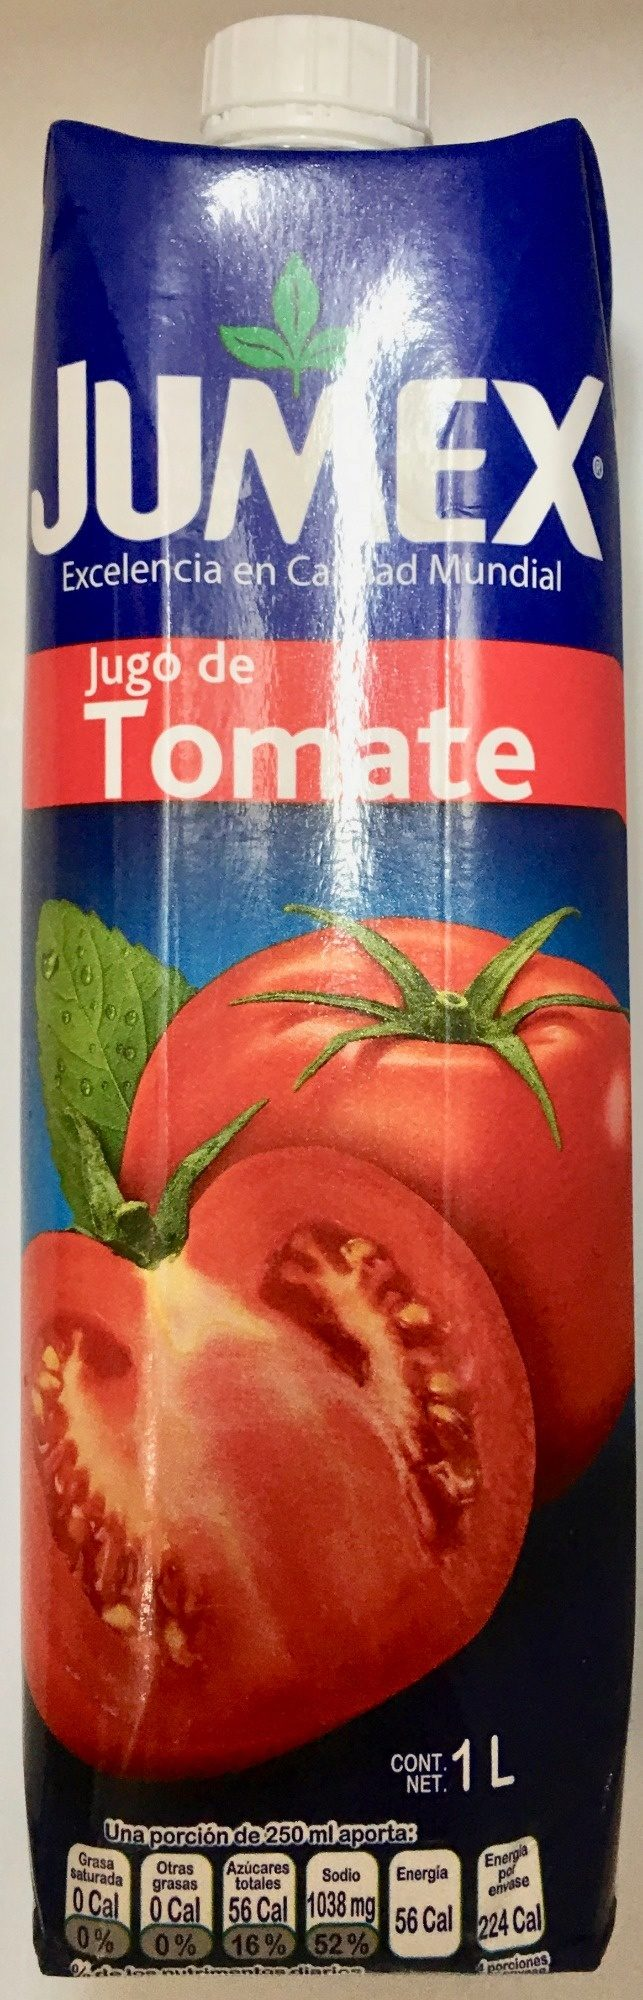 Jumex Tomate - Producto - es
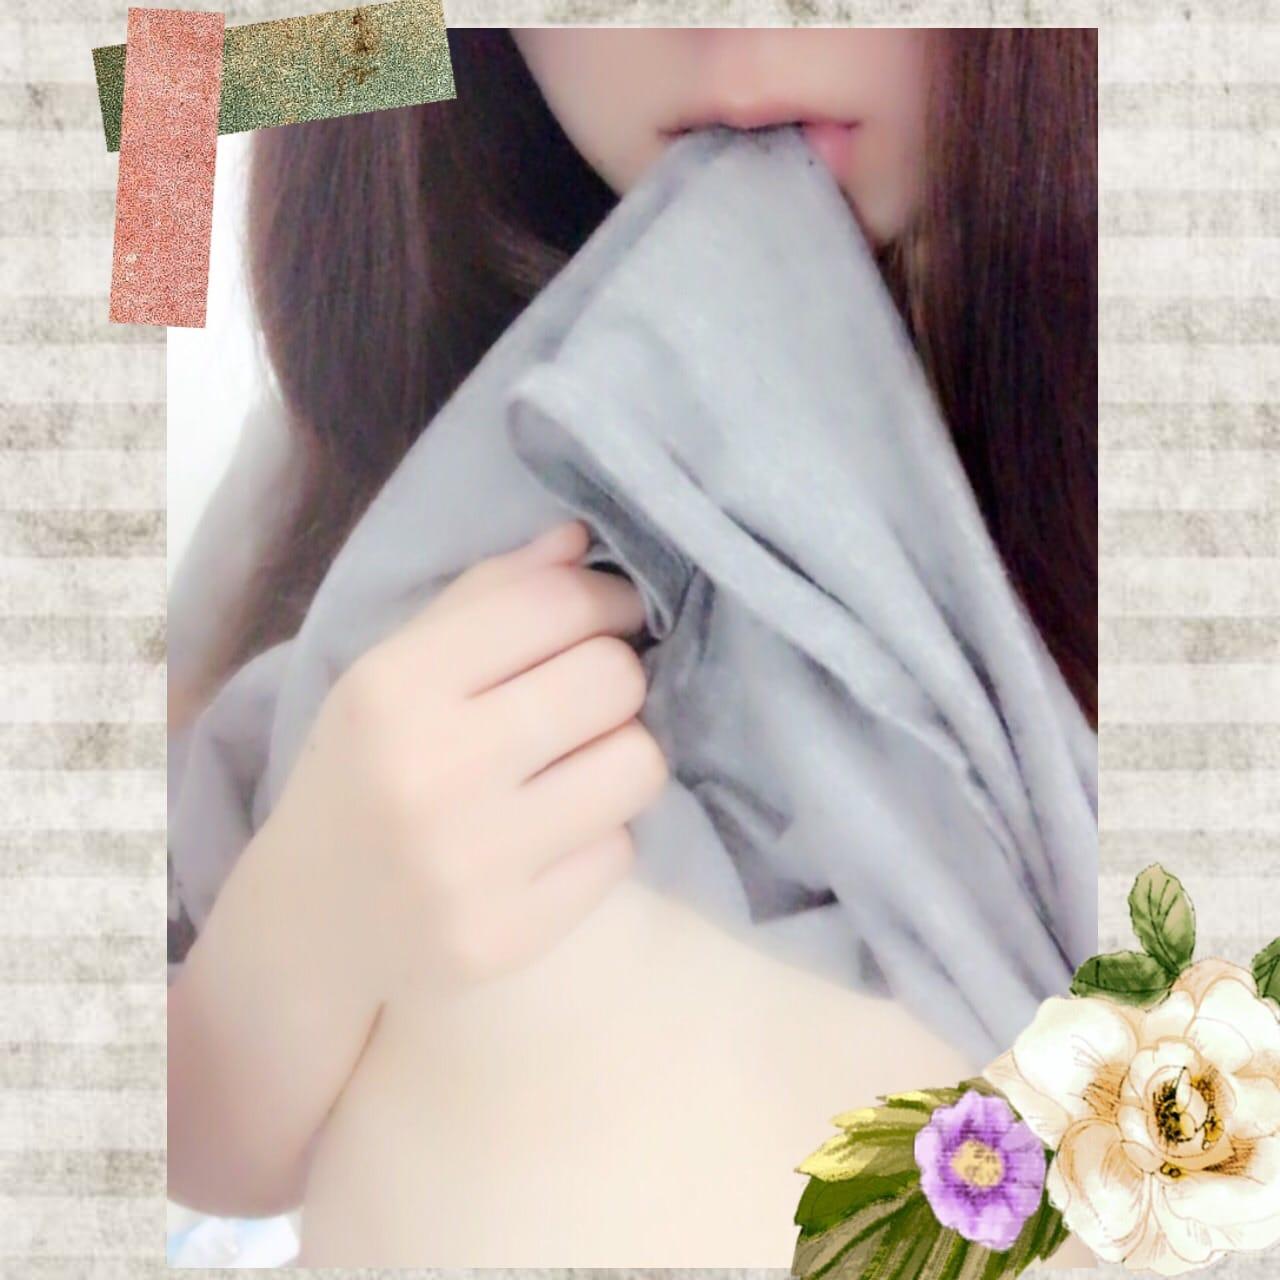 「୧(๑•̀ㅁ•́๑)૭✧」09/28(09/28) 11:13 | Hina-ひな-の写メ・風俗動画
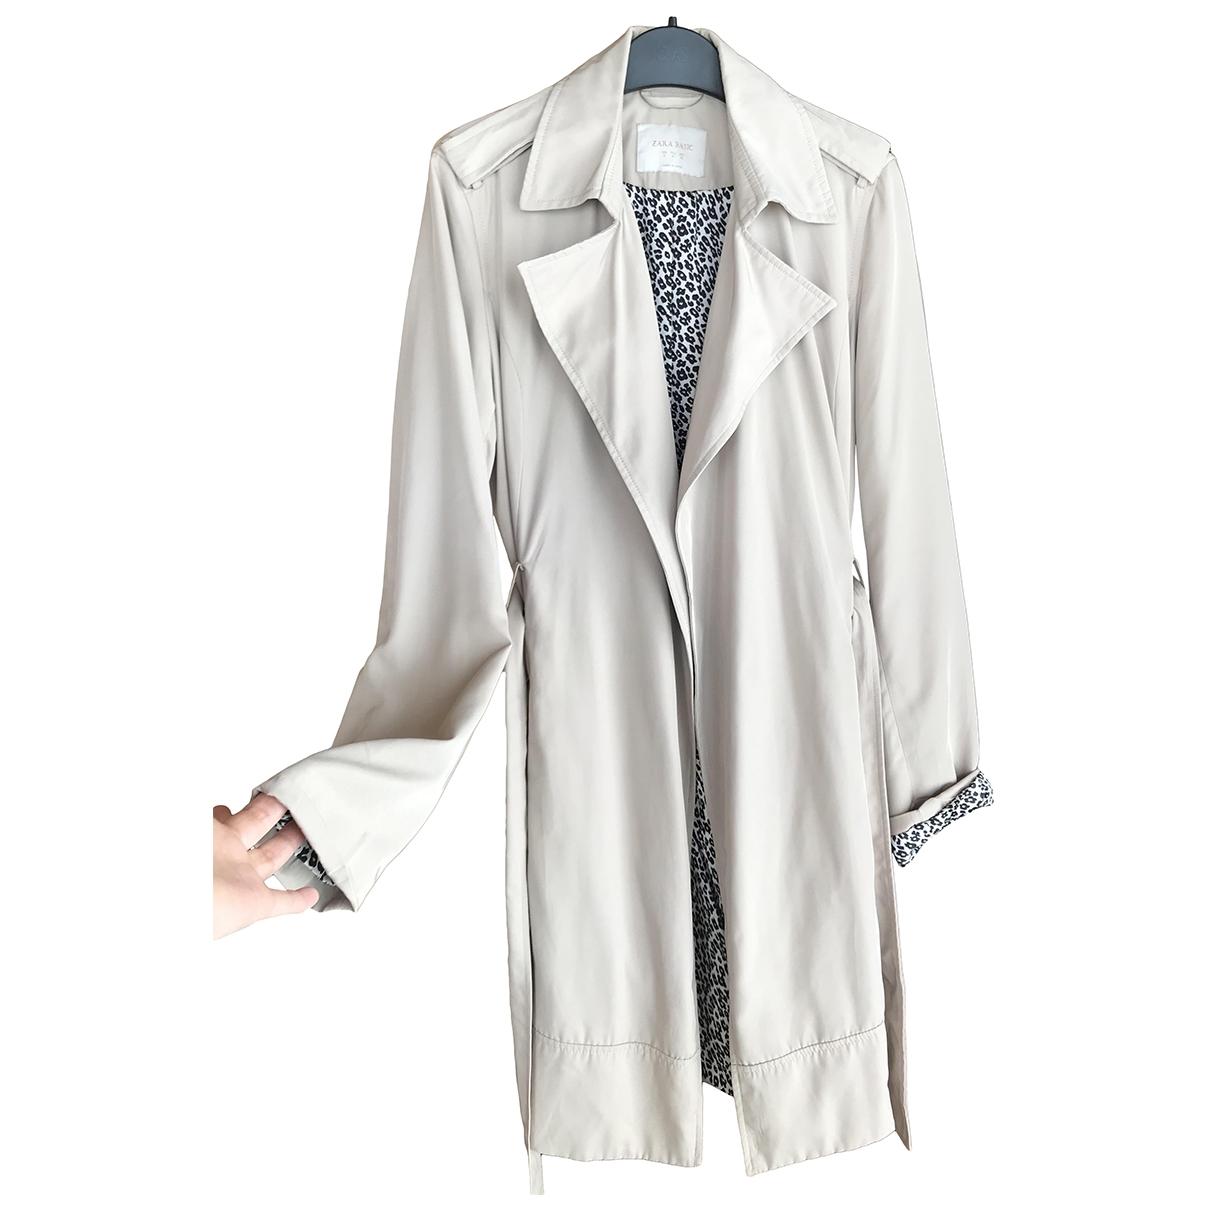 Zara \N Beige Trench coat for Women M International
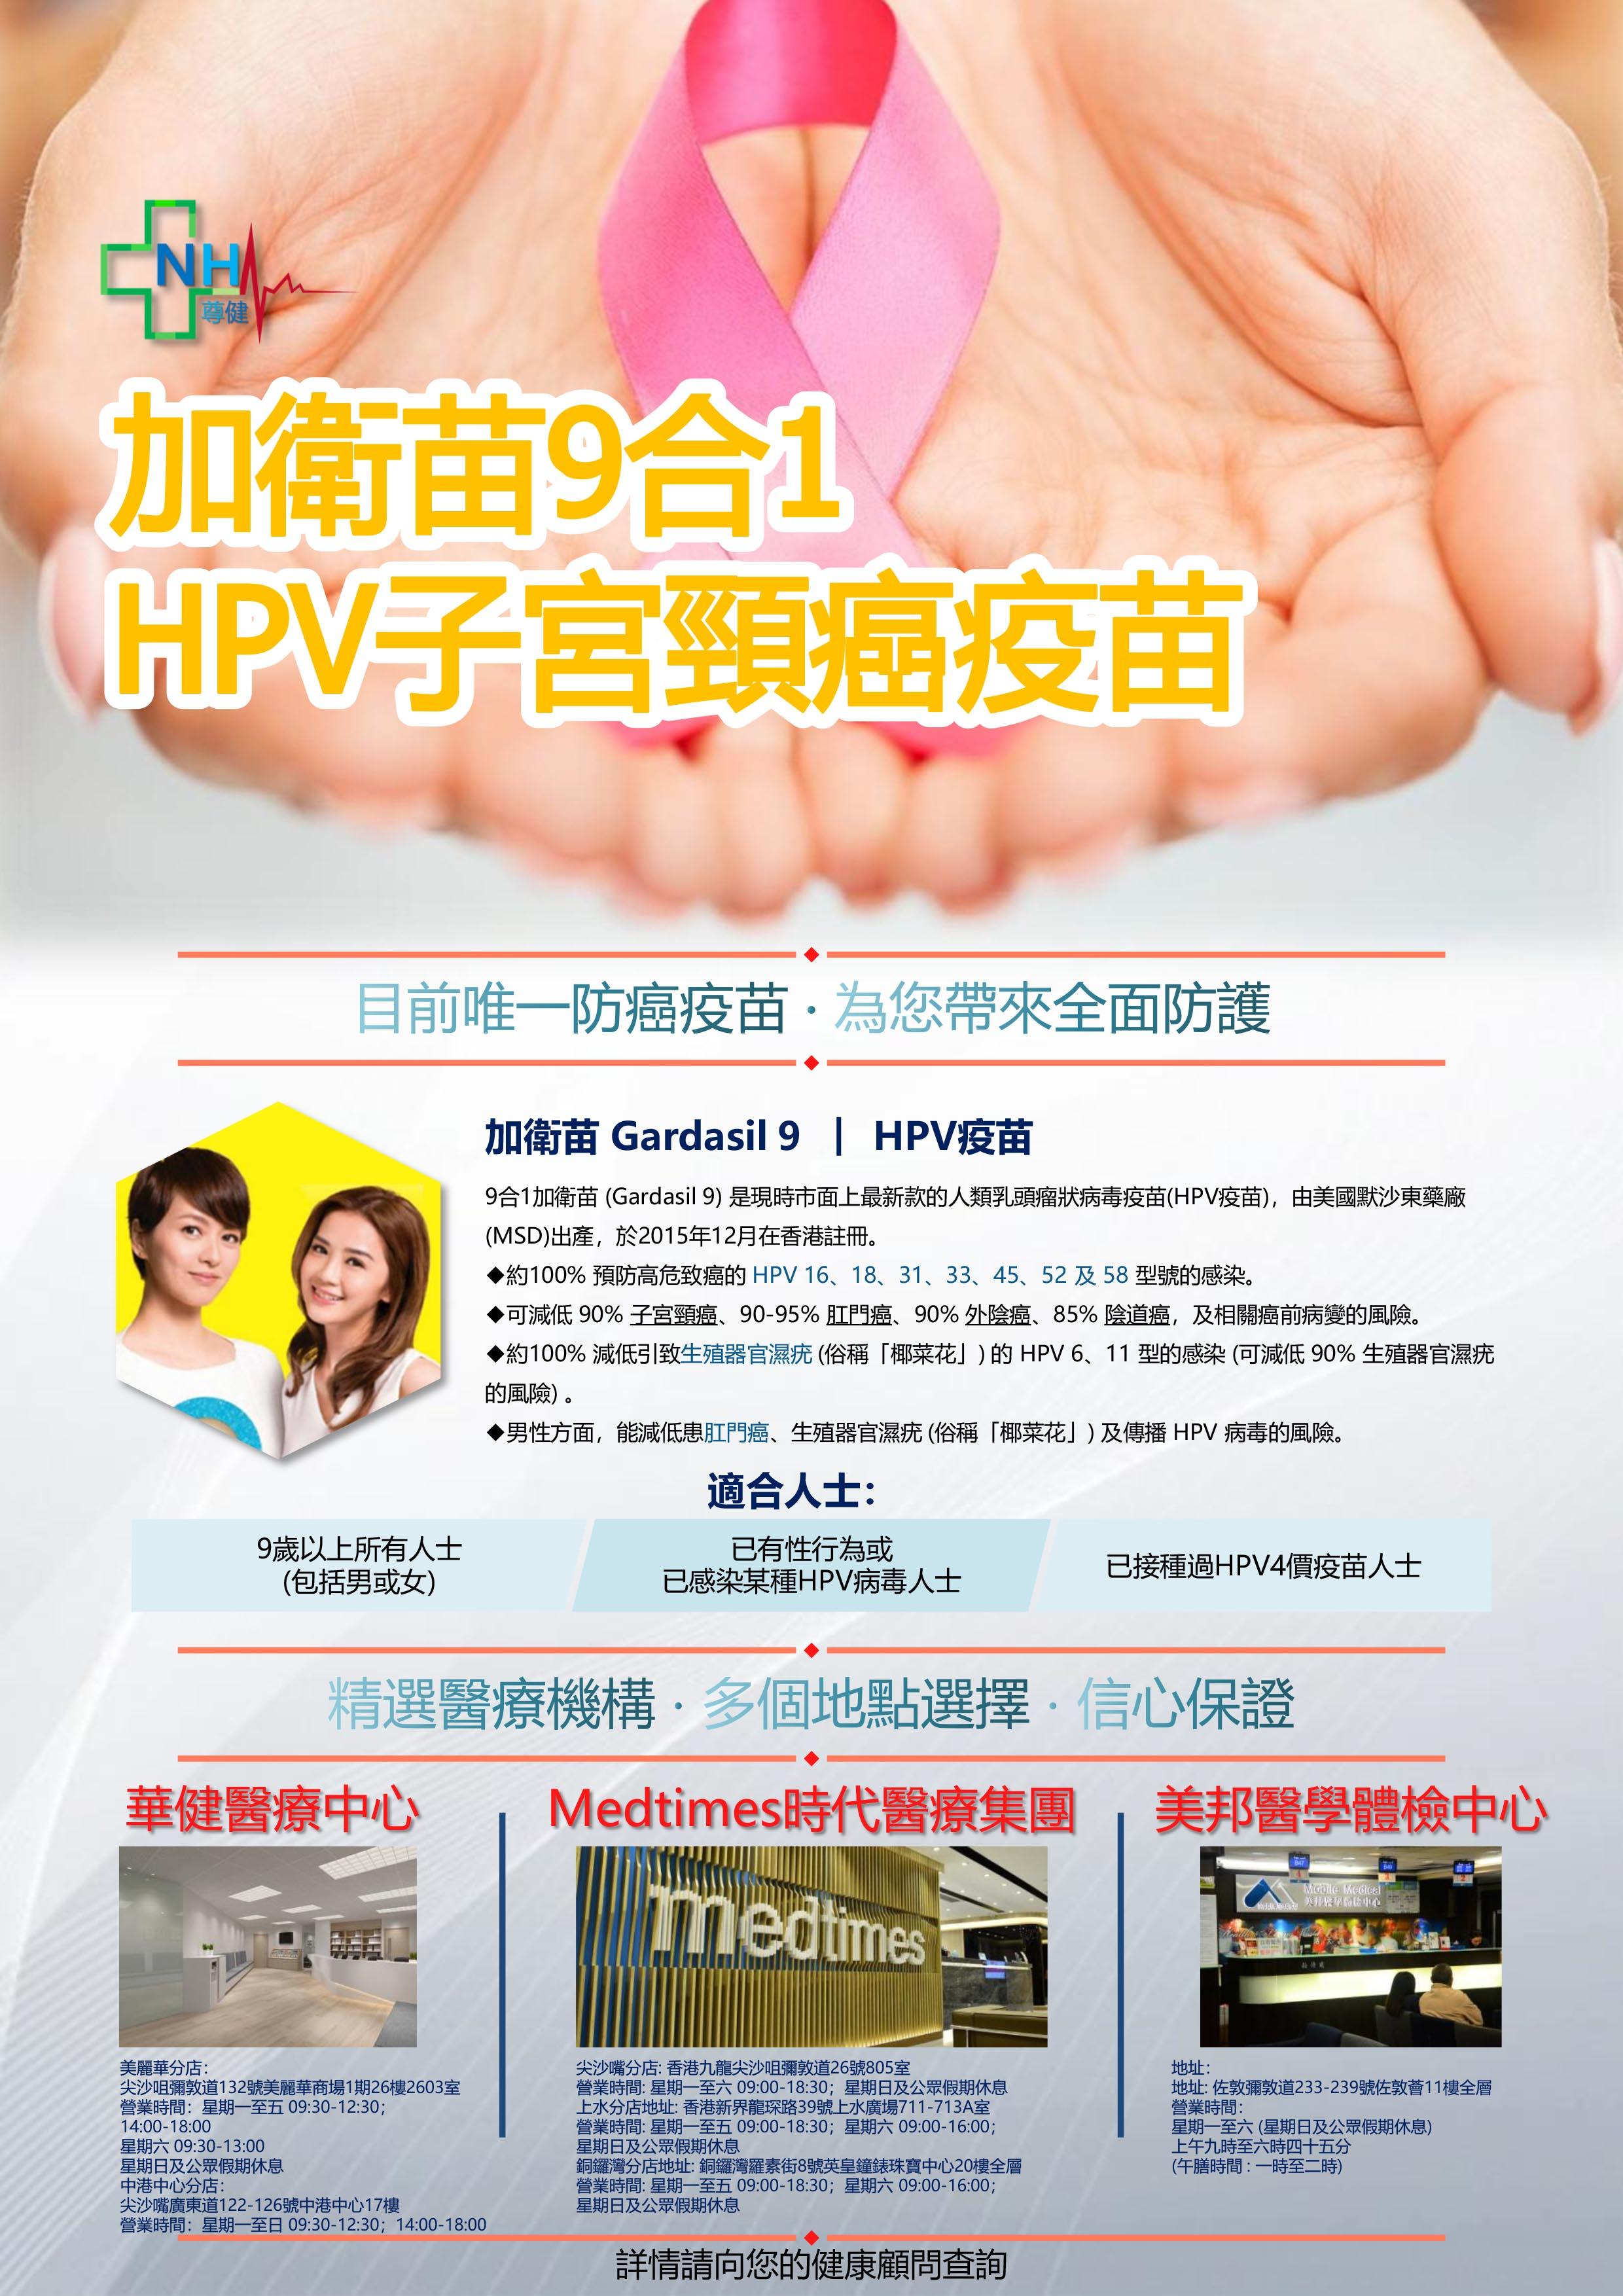 hpv-vaccain.jpg

+ + + + + + +

_Problem statement:_ Without the pictures, copy the material exactly as given.

_Result of the task:_
 Jumex Tomate - Producto - es
 「୧(๑•̀ㅁ•́๑)૭✧」09/28(09/28) 11:13 | Hina-ひな-の写メ・風俗動画
 Zara \N Beige Trench coat for Women M International
 hpv-vaccain.jpg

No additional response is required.